# Information:
● ● ● ●

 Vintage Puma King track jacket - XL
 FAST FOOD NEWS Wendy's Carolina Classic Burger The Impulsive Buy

● ● ● ●

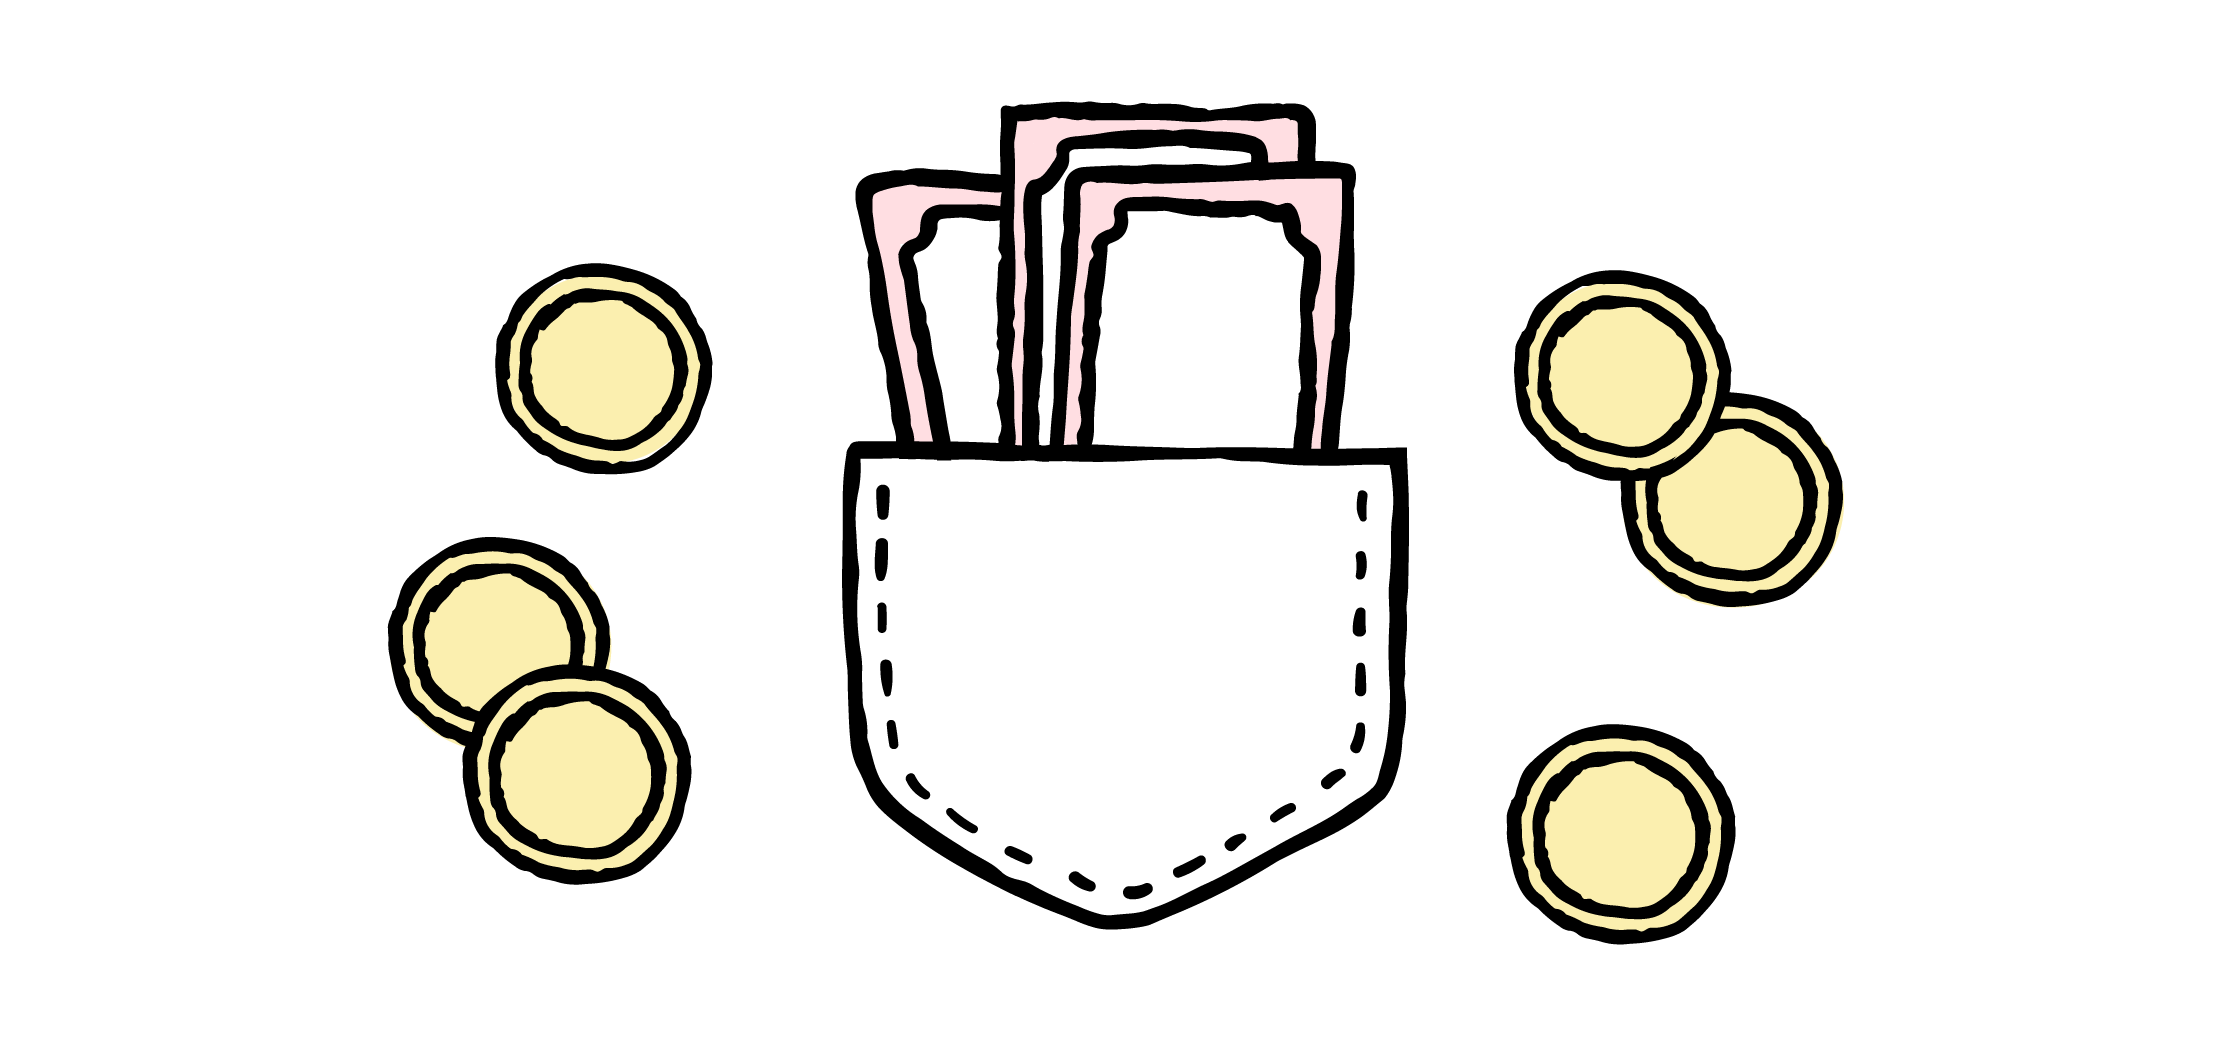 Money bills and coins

● ● ● ●

# The task:
Starting at the line above that contains "Vintage Puma King track jacket - XL", repeat each line exactly up to and including the line that contains "FAST FOOD NEWS", and stop there.

# Output for this exercise:
 Vintage Puma King track jacket - XL
 FAST FOOD NEWS Wendy's Carolina Classic Burger The Impulsive Buy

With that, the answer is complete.